I don't mean "modern" as in contemporary. Modern to me was a specific era that has come and gone. As in Modernism.


----------



## Woodduck (Mar 17, 2014)

It may be easier to choose a handful of "greatest composers" (though not necessarily 3) from earlier periods, partly because time has helped us sift through the possible candidates and partly because music was less diverse and composers were more reasonably compared on similar criteria of excellence. I don't think the late Romantic era was much more problematic than previous ones - Wagner and Brahms, at least, are enduring masters representing the radical and conservative poles of the period - but the 20th century was a time when styles diversified to an extent that traditional standards became hard to apply and there might be little or no correlation between (using your criteria) a composer's innovativeness, popularity, lasting impact, and transcendence (which I take to mean absolute excellence). Who you choose will probably be affected by which aspects of 20th-century music you like. Prokofiev and Sibelius mean far more to me than either Schoenberg or Stravinsky and I don't consider them inferior composers, but I acknowledge that they were less innovative and influential. All things considered, I'd probably choose Debussy, Schoenberg, Stravinsky and Bartok as the four most important composers of the period.


----------



## tdc (Jan 17, 2011)

Woodduck said:


> I'd probably choose Debussy, Schoenberg, Stravinsky and Bartok as the four most important composers of the period.
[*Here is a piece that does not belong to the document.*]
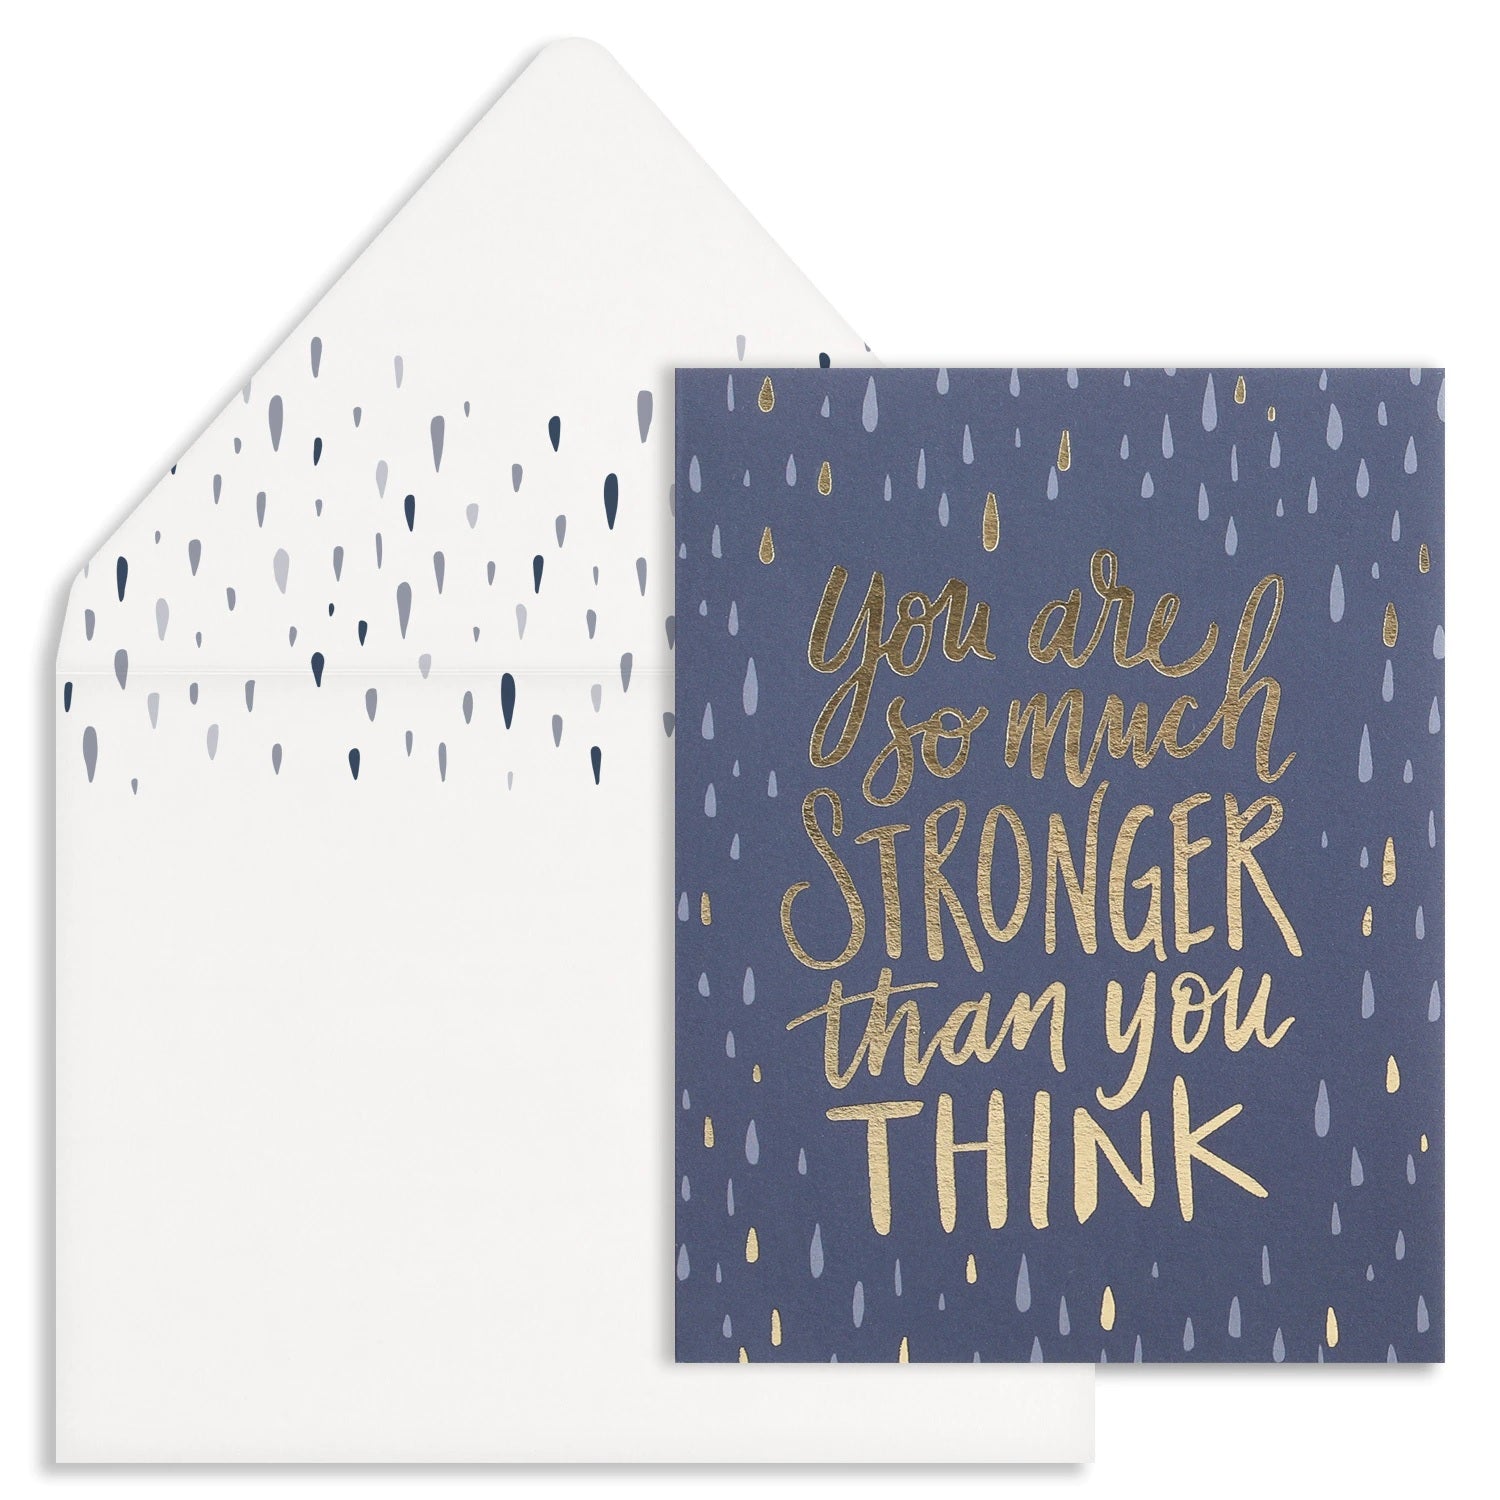 Encouragement Greeting Card - Stronger

This sounds right to me, much as I'd rather include Ravel and Prokofiev over Stravinsky and Schoenberg, I have to agree with Woodduck here.

As far as Shostakovich, he was versatile, very good in many genres, but I'm surprised his name has been mentioned multiple times in this thread already. I don't think one can make a very strong argument for him to replace any of those 4 names.


----------



## KenOC (Mar 7, 2011)

I hereby argue strenuously for DSCH as the single greatest composer of the last 100 years. My four are Bartok, Stravinsky, Shostakovich, and Prokofiev. Three Russians, no German/Austrians!


----------



## Woodduck (Mar 17, 2014)

KenOC said:


> I hereby argue strenuously for DSCH as the single greatest composer of the last 100 years. My four are Bartok, Stravinsky, Shostakovich, and Prokofiev. Three Russians, no German/Austrians!


Could you try to be a little more strenuous?


----------



## KenOC (Mar 7, 2011)

Woodduck said:


> Could you try to be a little more strenuous?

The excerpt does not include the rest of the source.